WHAT THE EXERCISE ASKS: Your copy should match the listing word for word, apart from the pictures, which are left out.

DATA SHOWN:
* * * *
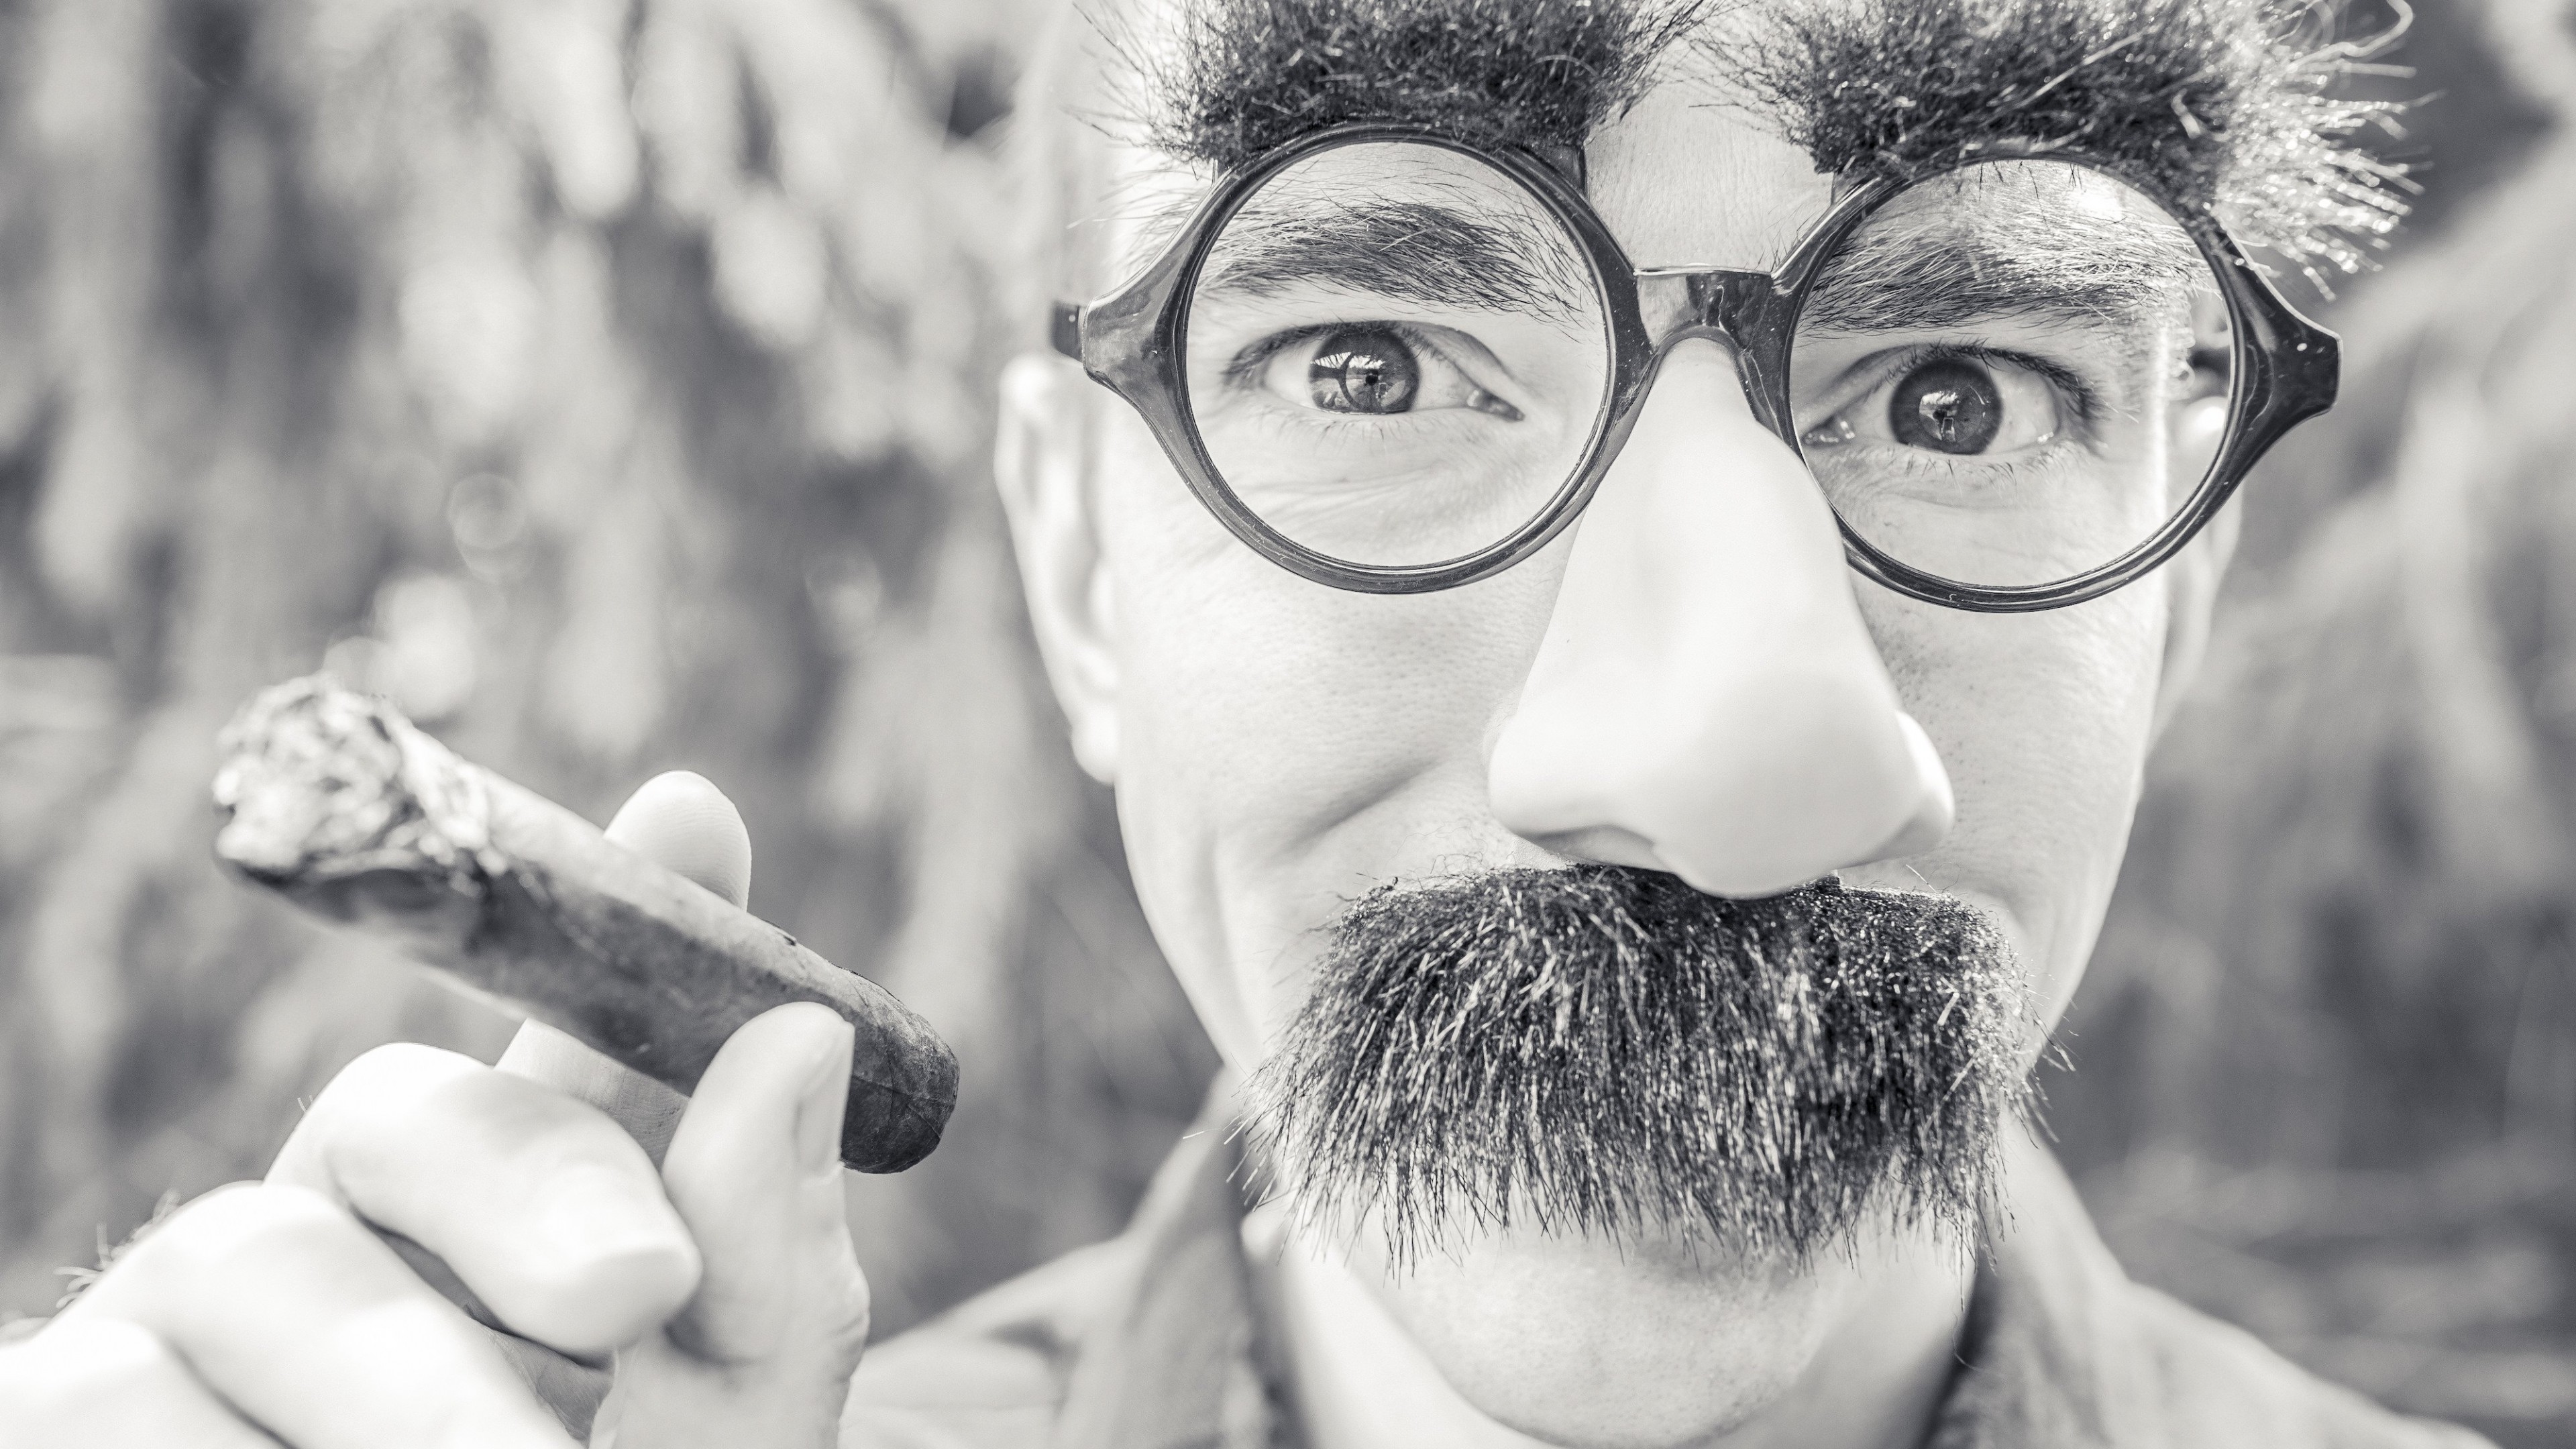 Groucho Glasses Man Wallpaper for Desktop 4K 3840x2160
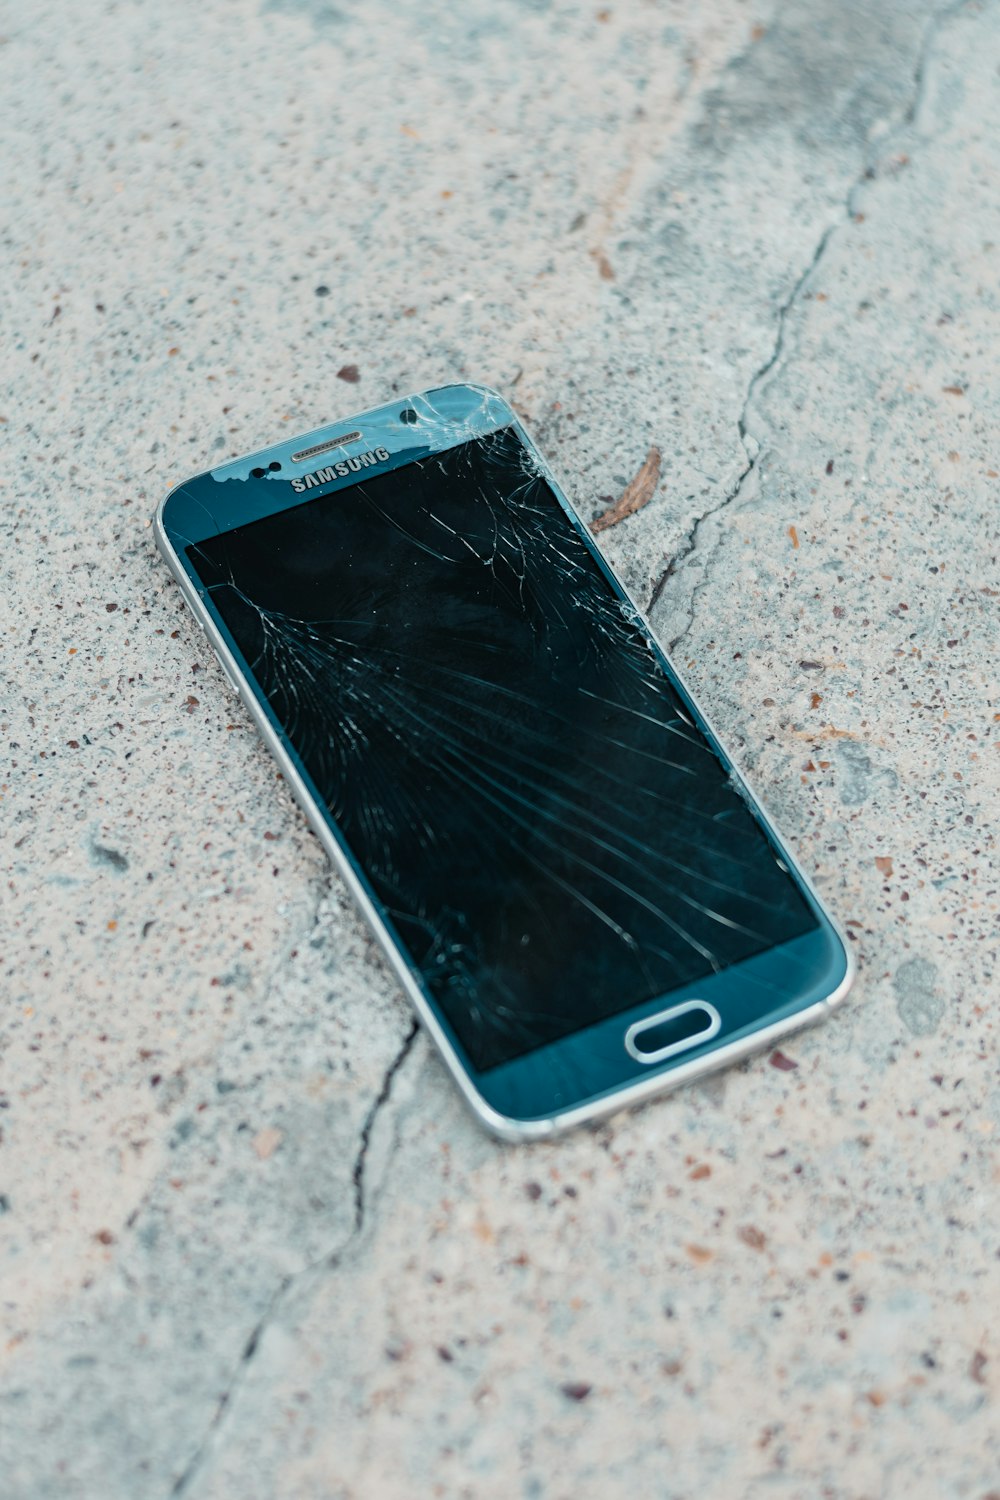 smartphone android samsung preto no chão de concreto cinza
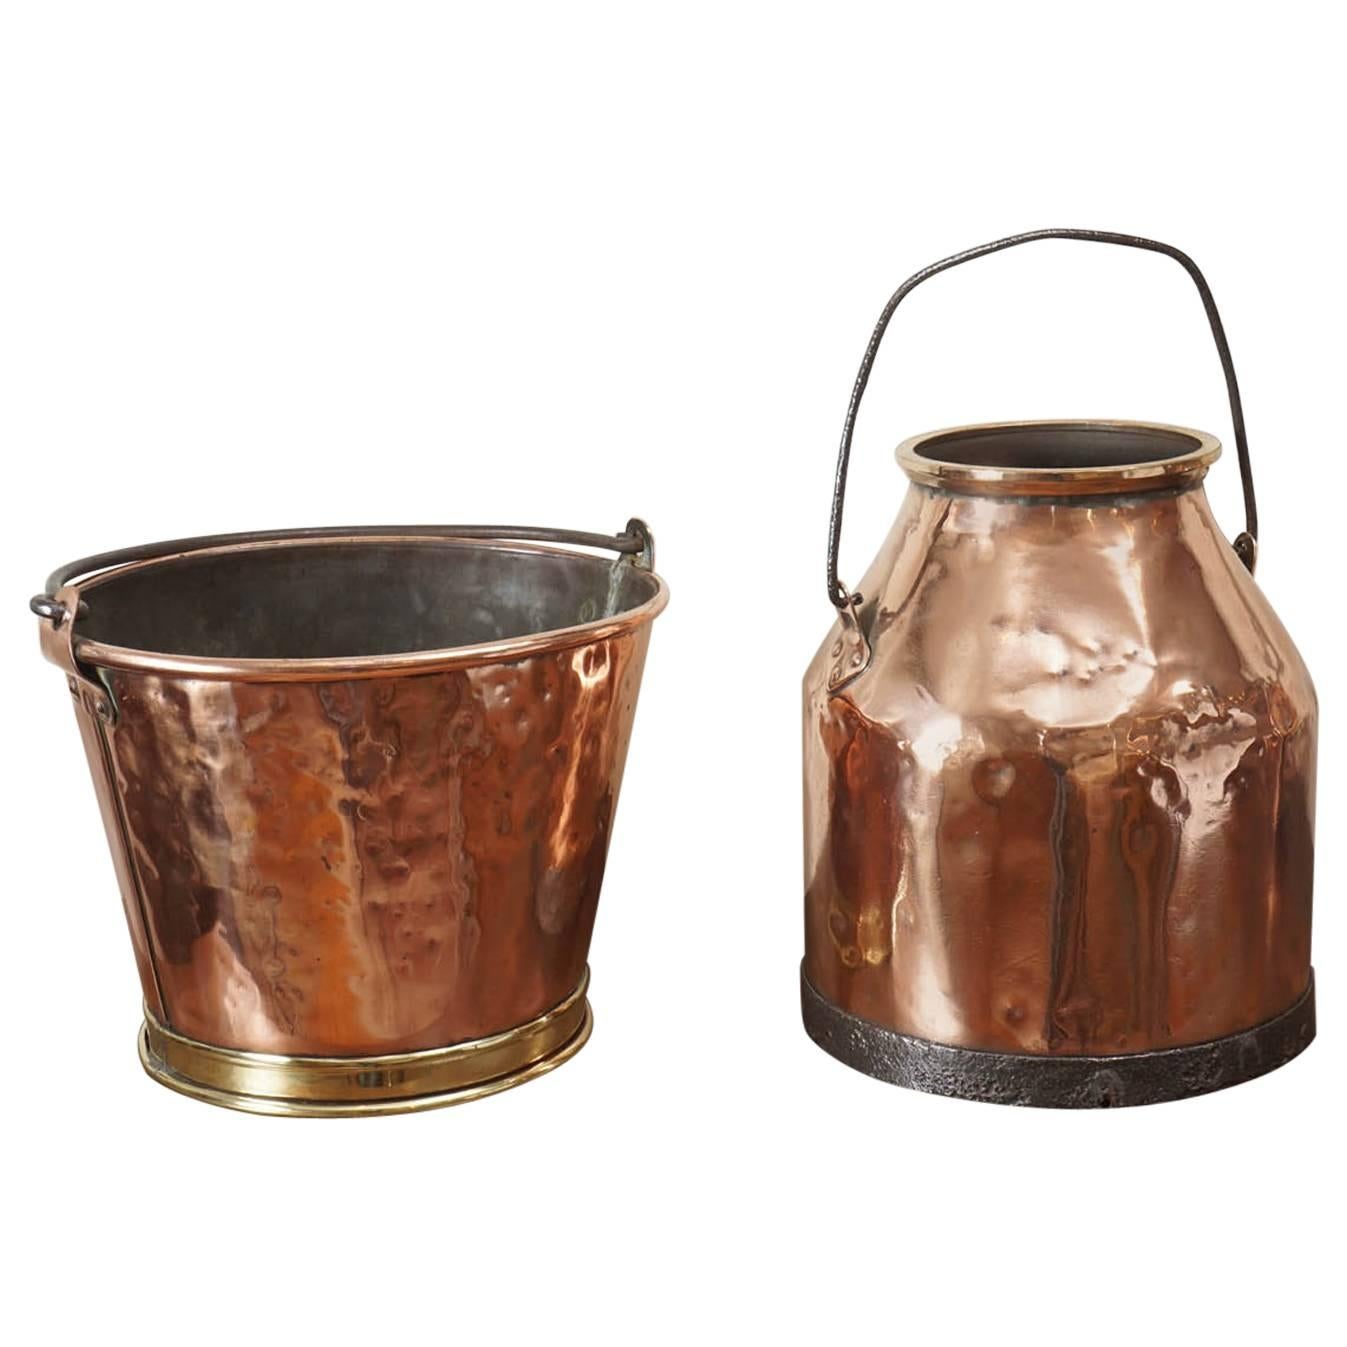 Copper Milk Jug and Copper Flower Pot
* * * *
RESPONSE TO THIS TASK:
 Groucho Glasses Man Wallpaper for Desktop 4K 3840x2160
 smartphone android samsung preto no chão de concreto cinza
 Copper Milk Jug and Copper Flower Pot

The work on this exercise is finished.